Why cook at 350° for 55 minutes when the math says you can just cook it at 19250° for one minute?
@catsalad This is why mathematicians are made to sit in the corner with their close cousins, the economists. Statisticians and logisticians are usually allowed out, but only as long as they behave themselves.
@StarkRG Economists: When you like math, but you also like being evil.
@catsalad Economics is the unholy union of statistics and sociology. You can lie with statistics, but you can destroy the world over a long weekend with economics.
@catsalad Tech enthusiasts: Why cook at 350° for 55 minutes when the math says you can just cook it at integer overflow° for one millisecond?

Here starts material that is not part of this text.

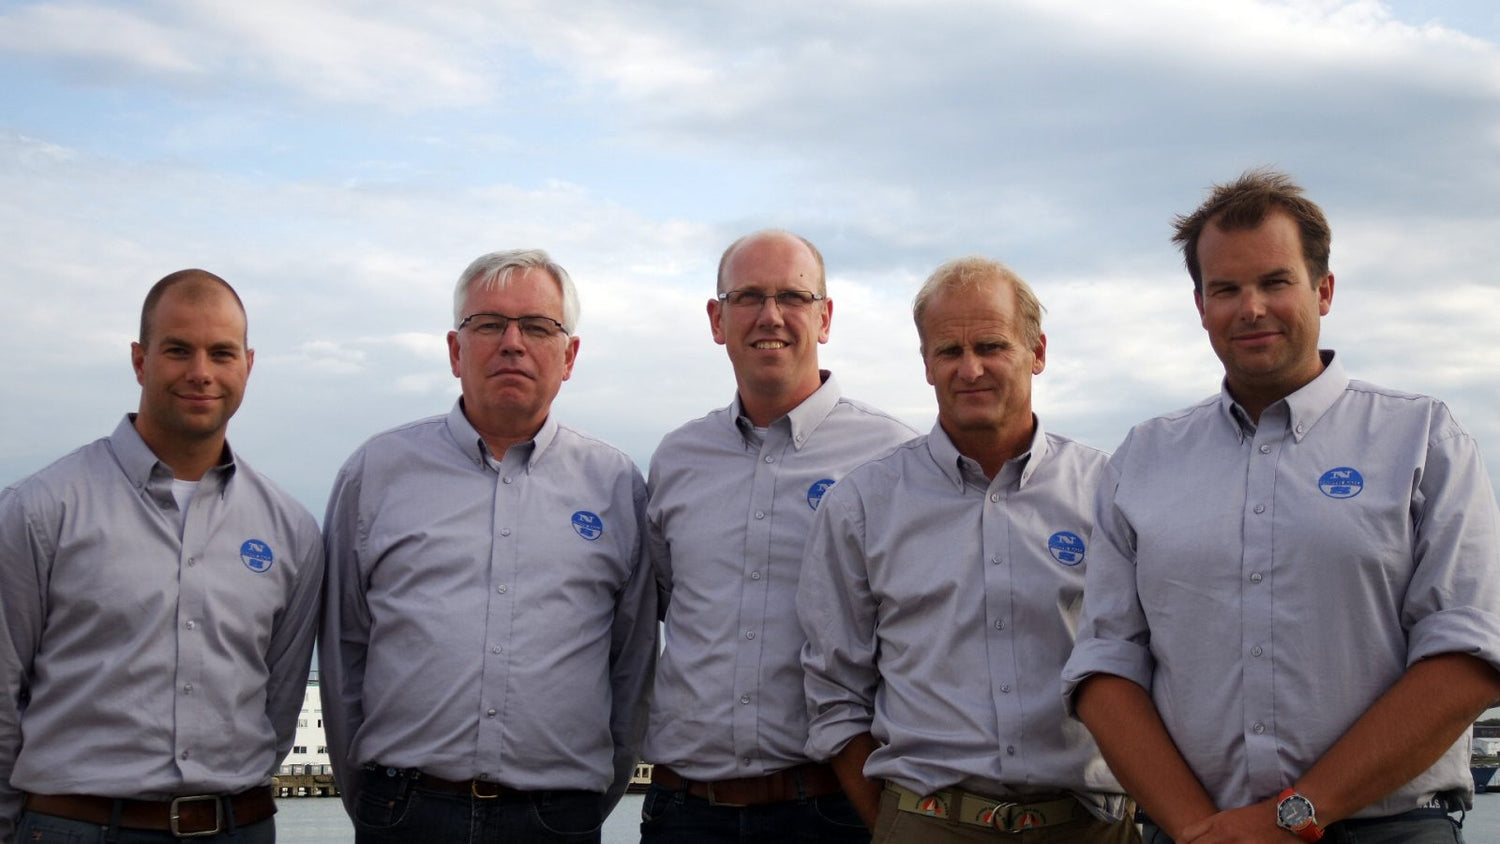 Nic Bol, Jacco Huijgen en Mark Meeuwisse naar North Sails Benelux

@catsalad Because your stove would melt first

@catsalad

Like they say, work smarter, not harder

@catsalad, why cook at all? Thermodynamics says it will eventually get back to room temperature anyway.
@catsalad I did some maths to help this post.

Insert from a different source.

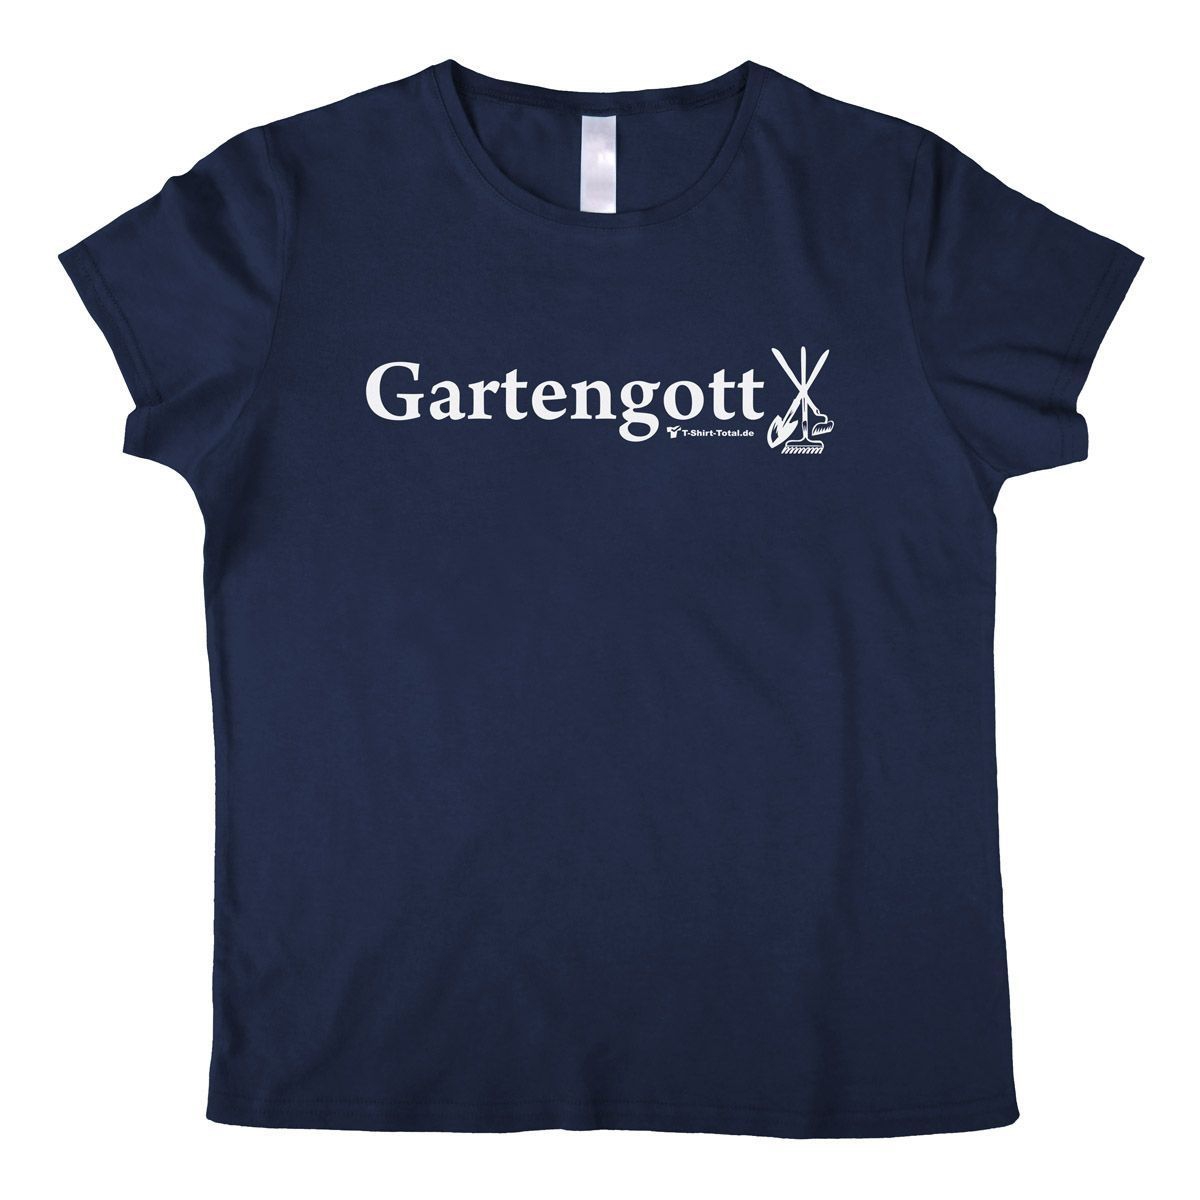 Gartengott Woman T-Shirt navy Medium

19250° divided by 360° is 53.4.
So 19250° - 53*360° = 170°
Which means you can cook it for just 170° and avoid the rotating the temperature 53 times, saving you more oven cycles in this economy.
@catsalad The math doesn't actually work unless you convert to Kelvin first.
@rev_null @catsalad, or Rankine if you're using a legacy temperature unit and don't want to do the multiplication.